> _How to complete this task_: Reproduce each entry exactly, so that everything except the pictures is carried over.

> _Record excerpts_:
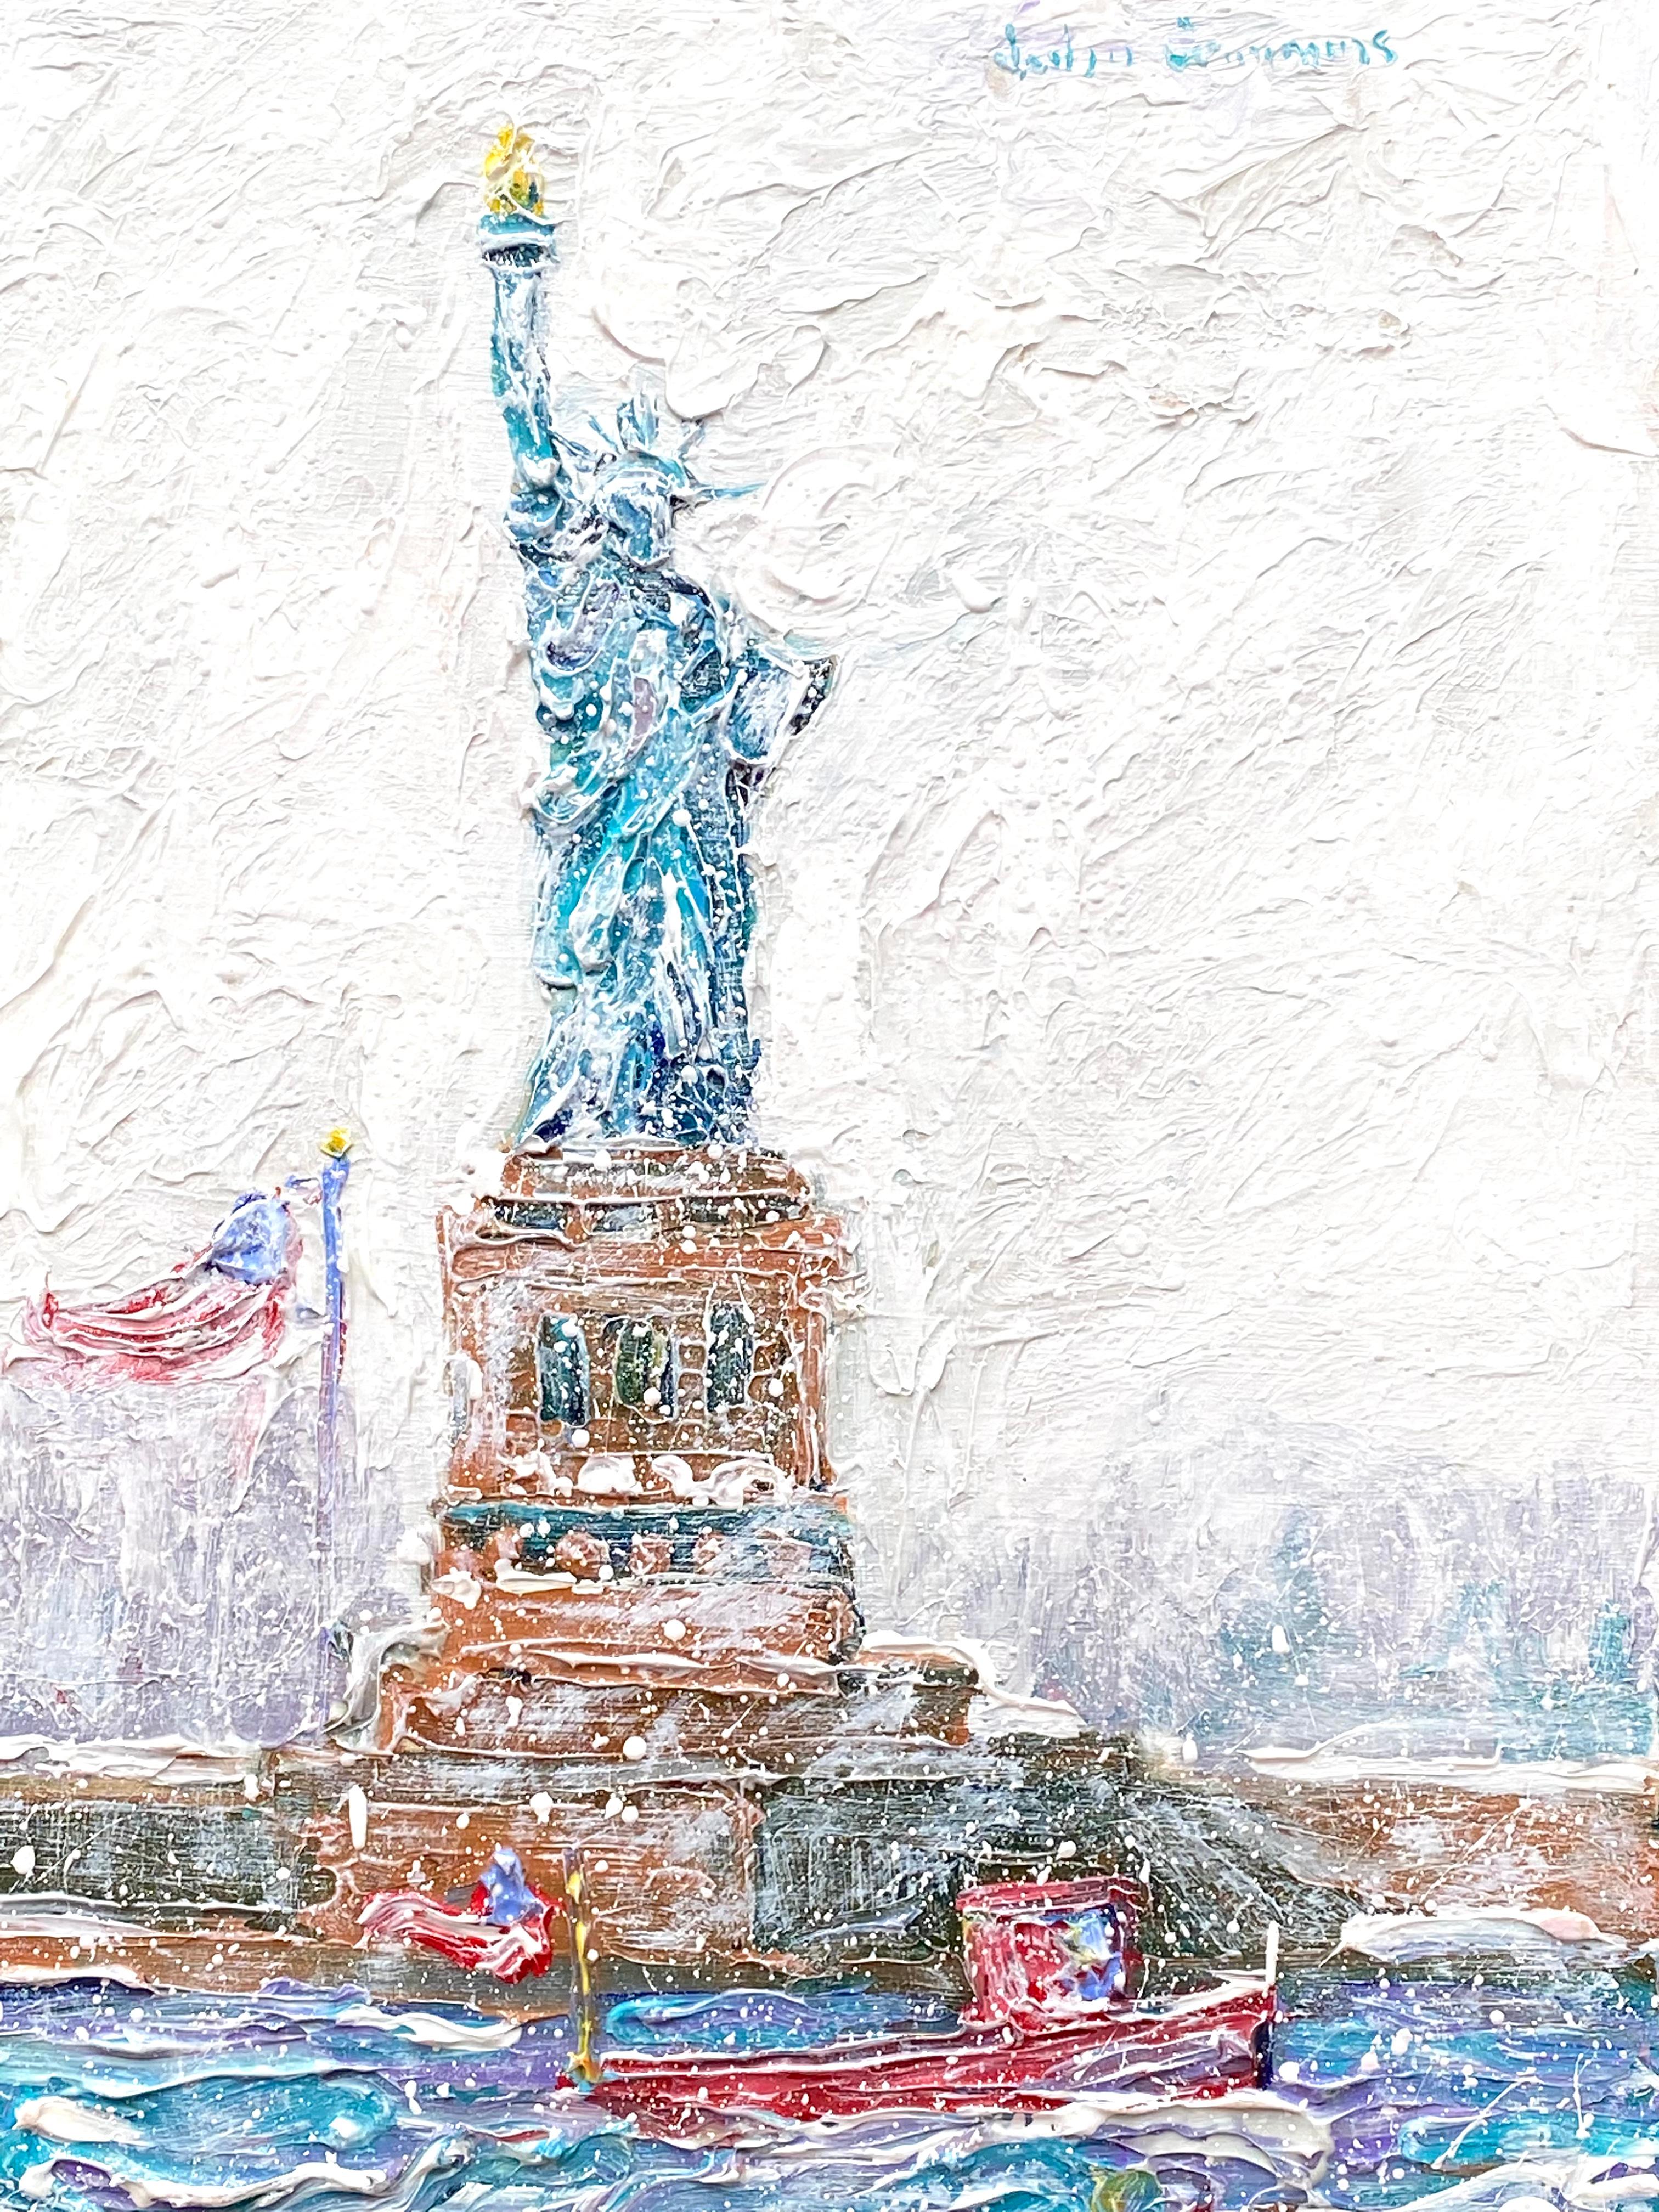 “Statue of Liberty” - Painting by John Crimmins
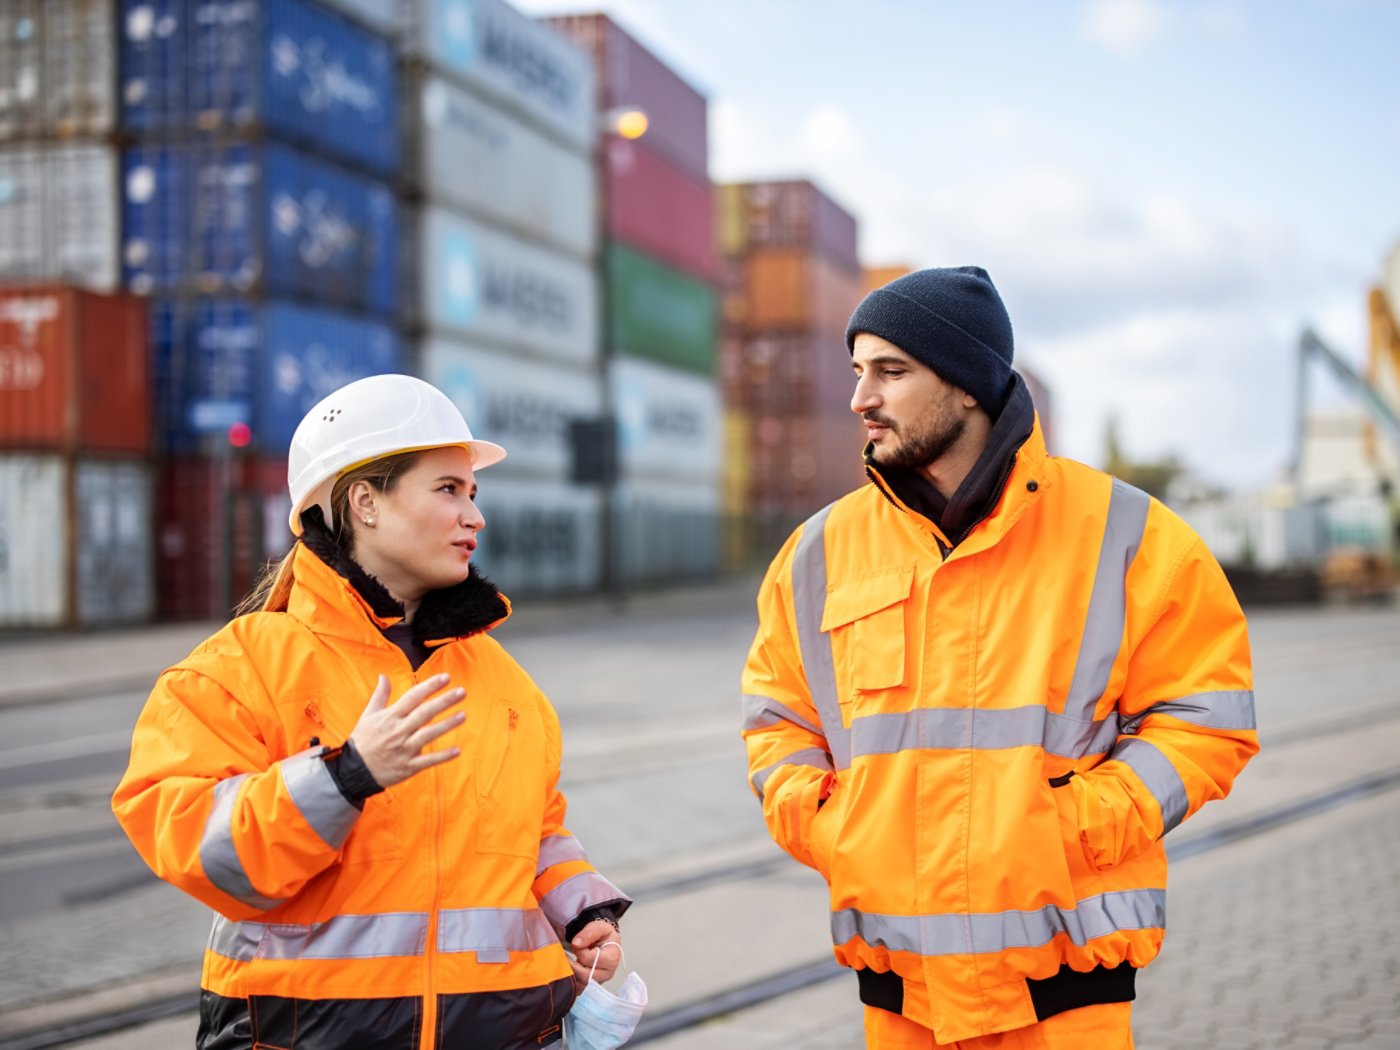 Female engineer talking with a worker at a large commercial dock. Two workers discussing work at the container yard shipping area.
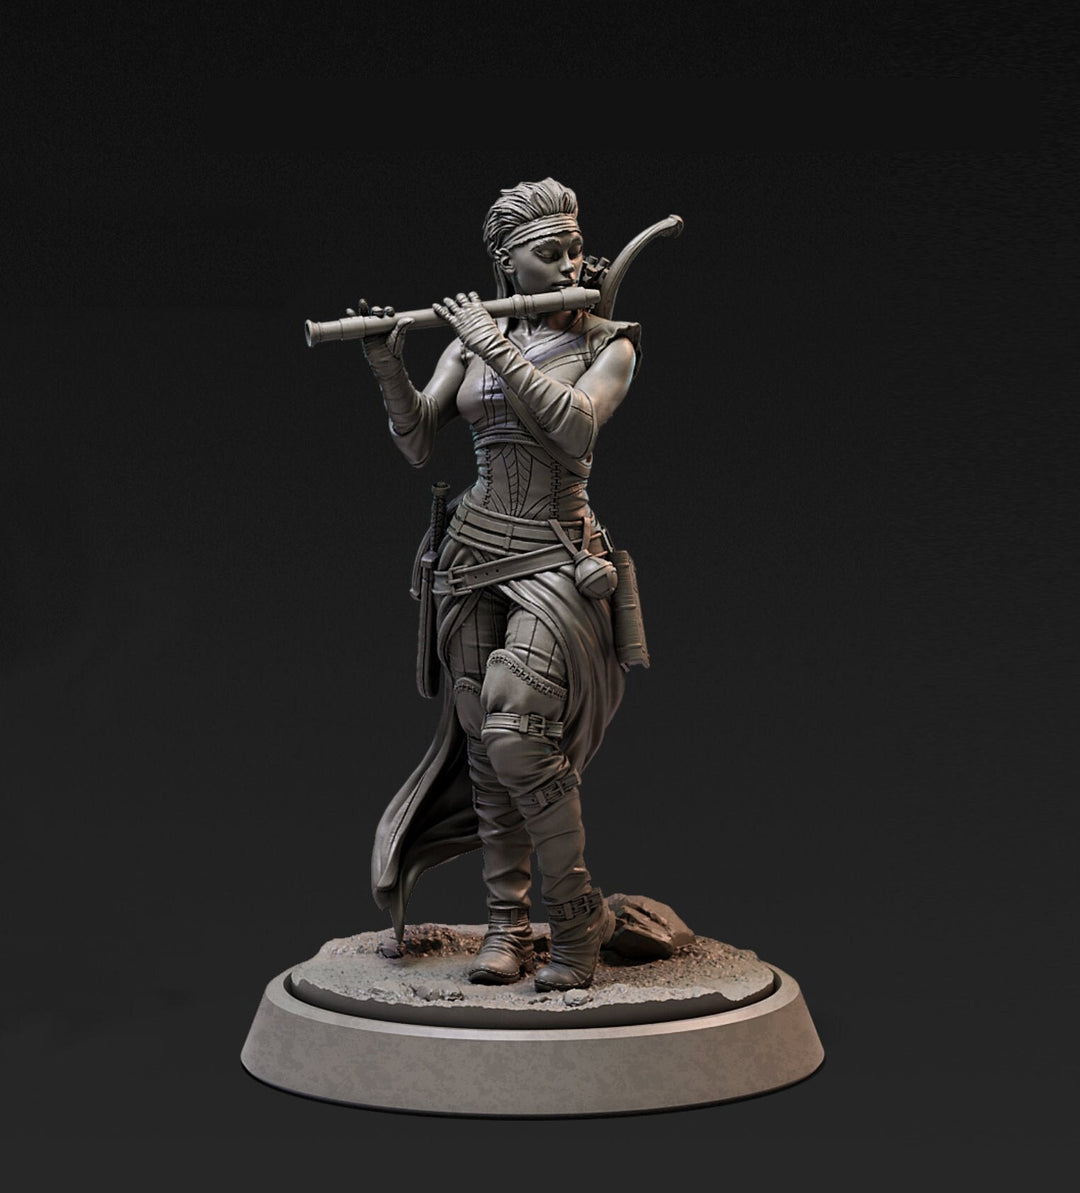 Natasha Blaine, Human Bard | 32mm or 75mm Fantasy Miniature | DnD Miniature | Dungeons and Dragons | Tabletop | Pathfinder | Role Playing
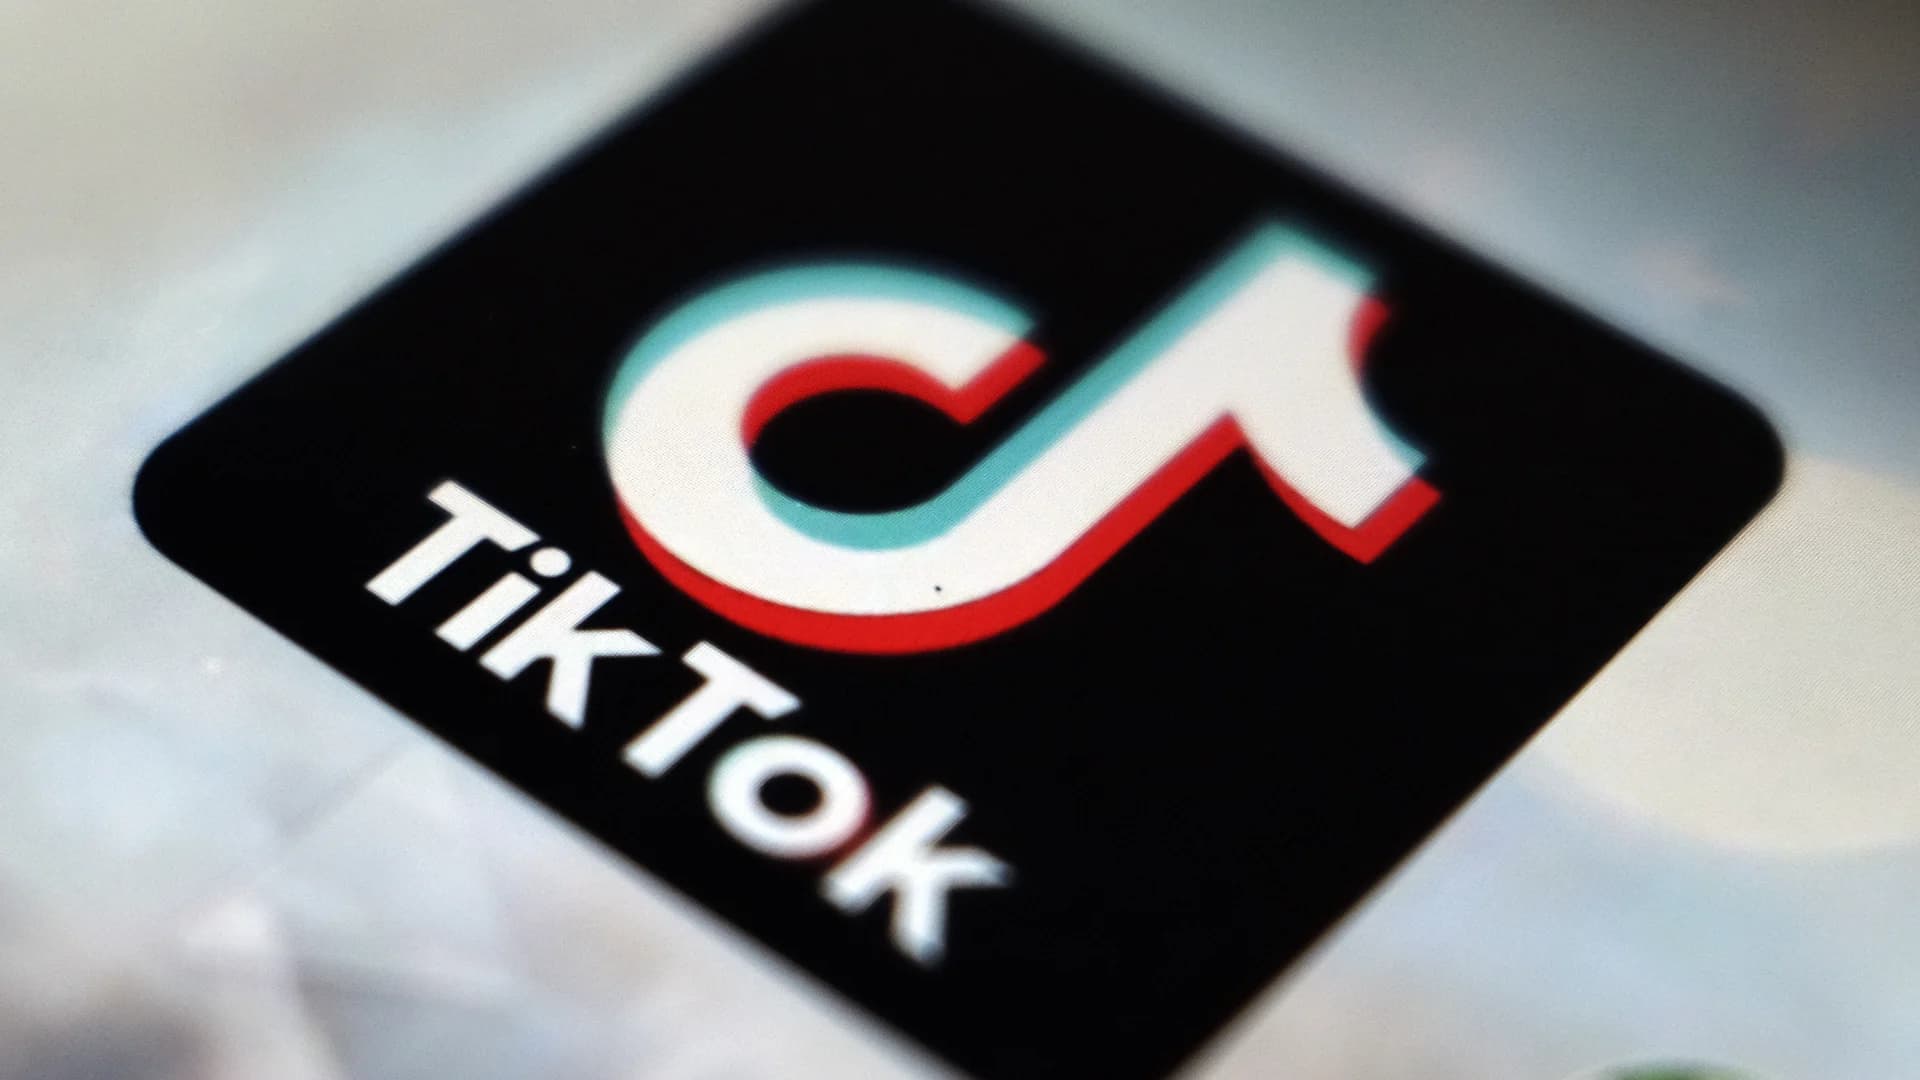 US drops Trump order targeting TikTok, WeChat; plans its own review
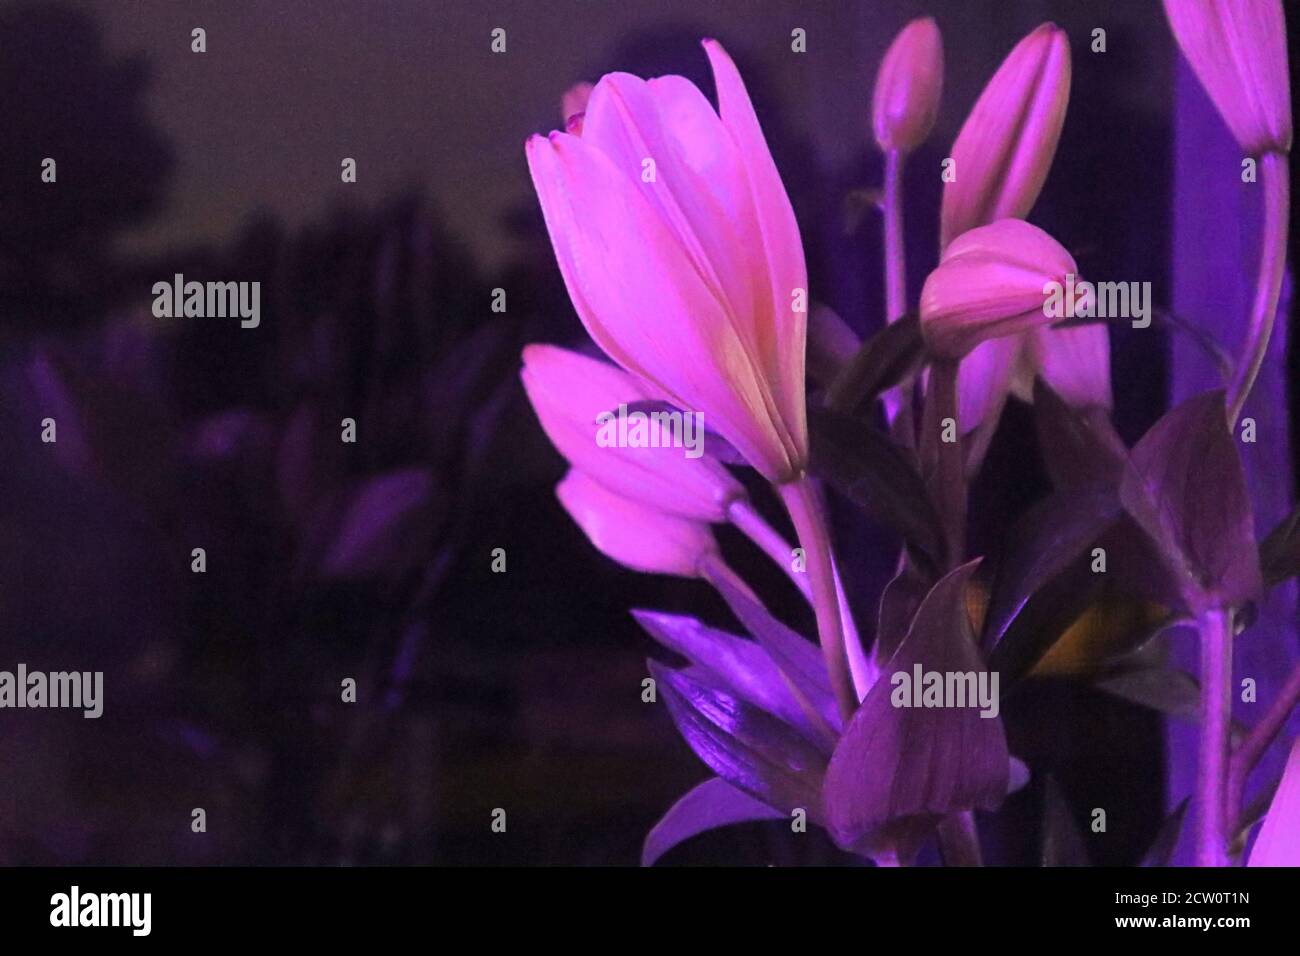 lilies with colored led lighting Stock Photo

> _Response area_:
 “Statue of Liberty” - Painting by John Crimmins
 Female engineer talking with a worker at a large commercial dock. Two workers discussing work at the container yard shipping area.
 Natasha Blaine, Human Bard | 32mm or 75mm Fantasy Miniature | DnD Miniature | Dungeons and Dragons | Tabletop | Pathfinder | Role Playing
 US drops Trump order targeting TikTok, WeChat; plans its own review
 lilies with colored led lighting Stock Photo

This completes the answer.